Quando o Cinza Predomina

Quando o Cinza Predomina

ou

A Melancolia Nossa de Cada Dia

Ontem acordei, estava em meu berço, tive que pular a grade para me ver livre no chão. Custou-me alguns arranhões e quase uma queda.

Pisco os olhos e já me vejo indo para a escola, o cinema, o barzinho, o clube, a boate, a galera, a faculdade e o emprego. Tanto misto de emoções em tudo isto, tantos conflitos e buscas, mágoas e ressentimentos, alegrias e comemorações.

É apenas um piscar de olhos, e tudo muda: da terra ao espaço, das pipas, do pião e do trenzinho de brinquedo ao computador e ao cyberespaço, das bonecas das meninas aos anticoncepcionais.

É apenas um piscar de olhos, e vejo amigos que se foram, tempos escorridos, mudanças bruscas, decisões radicais, ações e rupturas, uniões e amizades, caminhos que se bifurcaram em outros maiores ou em pequenas trilhas por onde andei sozinho ou ao lado de alguém, mas sempre, sempre um pensamento dentro de mim, desconfiado e reticente: “tudo passa, nada é eterno, nada dura para sempre” e eu fico a ver meus próprios passos caminhando quando desejo, e tamm, quando nem sei por que caminho.

Por que por mais que eu viva intensamente cada momento sei que muitos outros deixo de viver, por mais que eu me realize e satisfaça meus desejos há tantos outros que nunca irão se realizar mesmo que eu me iluda que basta que eu queira; talvez alguns deles eu conseguisse realizar depois de muita luta e a um custo tão alto que depois eu mesmo me perguntaria se valeu ou não à pena tê-los realizado e sacrificado tantas coisas, como eu mesmo já fiz ainda ontem, e o resultado ter sido tão vulgar e medíocre, uma leve sombra do que poderia ter sido; suspiro brevemente vendo as gotas de chuva baterem no vidro da janela, lágrimas de um mundo imperfeito que também escorrem de meus olhos,”Deus” – penso, por que tudo isto? Por que não apenas a beleza e a perfeição, o eterno e a alegria, a explosão do amor e a emoção da alegria, o ontem, o hoje e o amanhã em um só presente eterno... em um só momento feliz que dure para sempre, pleno de si mesmo, no paraíso distante e completo da humanidade... mas cá estou, o mundo e as pessoas lá fora parecem ser muito mais felizes que sou, cercado de gente ainda me sinto só, e estou no limbo cinza e descolorido de vida e entusiasmo, nem sei ao menos como aqui cheguei.

Olho e não vejo, escuto mas não ouço, tudo parece passar por mim, olho no espelho e a imagem refletida ora tem cabelos escuros e viçosos e pele saudável, ora pouquíssimos e brancos cabelos, mas uma infinidade de rugas... será mesmo meu este rosto, terei mesmo esta idade? E eu que me arrependi de não ter lutado com todas as forças por um ou outro amor que me fascinou, passando por minha vida, talvez ainda houvesse tempo de voltar atrás e reconstruir tudo, talvez seja tarde demais, sei que me omiti algumas vezes, outras não aconteceu parte pelo destino, de minha parte talvez por timidez, talvez pela maldita polidez cicatrizada no corte cirúgico com que a sociedade extirpa nossos desejos, mas um pensamento bem interno, lá no fundo, diz que eu mesmo sou o culpado por ter deixado calar a voz que me guiava aos meus sonhos e ideais e que agora só me cabe sacudir a poeira da estrada e recriar novamente meu caminho ainda que eu leve tombos e bordoadas não importa, o que importa é que eu já não mais estou tão inconsciente assim...

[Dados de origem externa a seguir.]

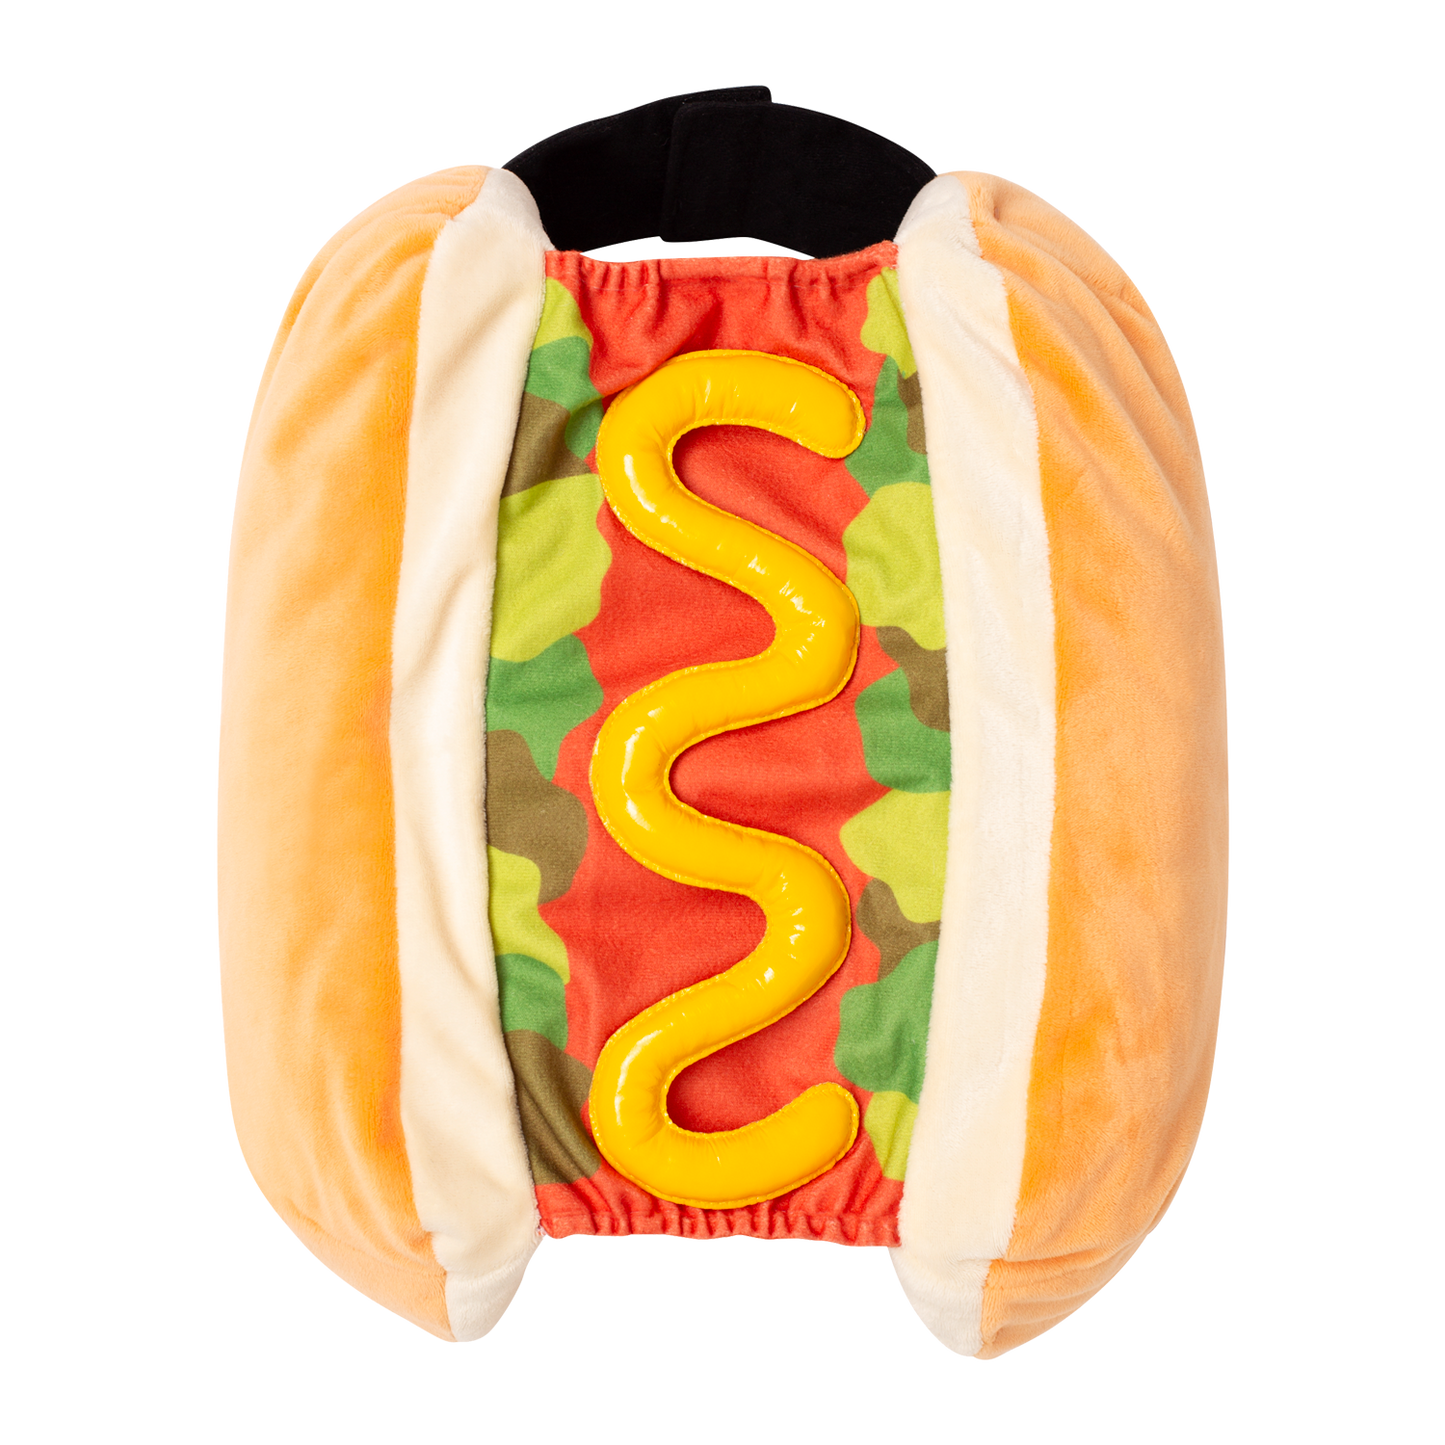 The Frankfurter Hot Dog Pet Costume

O bebê, o menino, o rapaz e o homem se misturam ao velho e já não conheço mais nem a mim mesmo nem a minha idade somente sei que fecho os olhos para nada mais ver, tudo se mistura, eu sou tudo e todos, meu ontem e meu amanhã, minha própria alegria e desgraça. Um leve piscar de olhos e tudo muda, embora ainda cinza e indiferente,

Pisco os olhos, alguém me chama, volto à minha realidade, é minha mãe, pisco os olhos de surpresa, é minha esposa, pisco novamente são meus filhos. Não agüento mais piscar os olhos, mas eles piscam assim mesmo, meus netos correm para mim, tenho medo de piscar novamente, quem sabe o que mais virá...

Fecho os olhos de propósito para nada mais ver, e tenho medo de abri-los novamente...

... não agüento mais, cansei de tudo e de mim mesmo, melhor dormir, talvez uma noite de sono me restaure... mas... quem sabe já morri e sou um fantasma vendo toda minha vida passar tão rápido assim?

Passo por um leve sono, volto à consciência, mas meus olhos ainda estão fechados, tenho medo de abri-los, ouço mas não há nada para ouvir... dentro de mim renasce a esperança, como uma janela se abrindo ao sol, e desconfiado e temeroso, enfim abro meus olhos.

O Homem e o Lago

by Ronaldo Souza







Hoje eu passei pelo jardim da cidade. Sempre que vou por ali, faço o caminho mais longo, porque gosto de caminhar próximo às grandes árvores.
Então vi o pequeno lago e o homem que o contemplava. Ambos imóveis. Silenciosos. Unidos em seu isolamento.
Posso dizer o que a imagem daquele homem parecia gritar: ali estava alguém ainda capaz de parar para contemplar um lago. Em plena semana. No meio da correria do dia-a-dia. Quando todos passavam tão apressadamente.
Ele estava lá, impassível. Contemplava o lago. Enxergava o vazio. Buscava a si mesmo.
Interrompi meus passos. Saí do fluxo dos que iam e tornei-me par com aquele que contemplava. Prestei atenção.
Lá estava o homem. O lago. E a incógnita da existência. O vazio, a solidão e a plenitude do contemplar.
Vestia-se de forma simples. Cabelos emaranhados, já grisalhos. Pele queimada de sol. Era pura tristeza e melancolia. O que o atirara à margem do rio da vida, entretanto, só ele poderia dizer.
Mas eu podia ler de longe sua história, em seus pés vincados e inchados, em suas roupas surradas, em seu silêncio vazio.
Seus cabelos balançavam ao vento. Mesmo de longe as rugas evidenciavam, senão sua idade, os percalços por que trilhara. Era um senhor. Mas, como todos nós, apenas uma criança crescida.
Seus olhos estavam fixos no lago. O quanto não teriam já visto aqueles olhos, o quanto não teriam para contar...
Eu os contemplava. Ao homem e ao lago. À sua inércia e ao seu abandono.
Aproximei-me. Olhei em seus olhos. E em seus olhos, havia o lago.
Olhei o lago. O lago também o contemplava.
Percebi a mim mesmo. Eu os contemplava.
Enxerguei meu caminho, minha vida, meu vazio.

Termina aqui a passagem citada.